Count of distinct substrings of a string using Suffix Array
Given a string of length n of lowercase alphabet characters, we need to count total number of distinct substrings of this string.
Examples:
Input : str = “ababa” Output : 10 Total number of distinct substring are 10, which are, "", "a", "b", "ab", "ba", "aba", "bab", "abab", "baba" and "ababa"
We have discussed a Suffix Trie based solution in below post :
Count of distinct substrings of a string using Suffix Trie
We can solve this problem using suffix array and longest common prefix concept. A suffix array is a sorted array of all suffixes of a given string.
For string “ababa” suffixes are : “ababa”, “baba”, “aba”, “ba”, “a”. After taking these suffixes in sorted form we get our suffix array as [4, 2, 0, 3, 1]
Then we calculate lcp array using kasai’s algorithm. For string “ababa”, lcp array is [1, 3, 0, 2, 0]
After constructing both arrays, we calculate total number of distinct substring by keeping this fact in mind : If we look through the prefixes of each suffix of a string, we cover all substrings of that string.

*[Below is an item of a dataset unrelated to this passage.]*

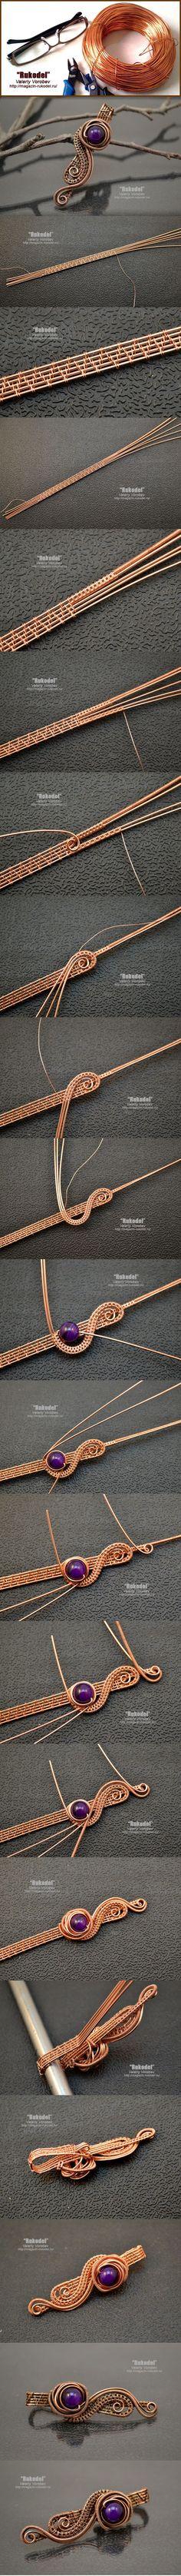 Pendant Wire - photo master class. Wire Wrap Pendant | Crafts

We will explain the procedure for above example,
String = “ababa”
Suffixes in sorted order : “a”, “aba”, “ababa”,
“ba”, “baba”
Initializing distinct substring count by length
of first suffix,
Count = length(“a”) = 1
Substrings taken in consideration : “a”
Now we consider each consecutive pair of suffix,
lcp("a", "aba") = "a".
All characters that are not part of the longest
common prefix contribute to a distinct substring.
In the above case, they are 'b' and ‘a'. So they
should be added to Count.
Count += length(“aba”) - lcp(“a”, “aba”)
Count = 3
Substrings taken in consideration : “aba”, “ab”
Similarly for next pair also,
Count += length(“ababa”) - lcp(“aba”, “ababa”)
Count = 5
Substrings taken in consideration : “ababa”, “abab”
Count += length(“ba”) - lcp(“ababa”, “ba”)
Count = 7
Substrings taken in consideration : “ba”, “b”
Count += length(“baba”) - lcp(“ba”, “baba”)
Count = 9
Substrings taken in consideration : “baba”, “bab”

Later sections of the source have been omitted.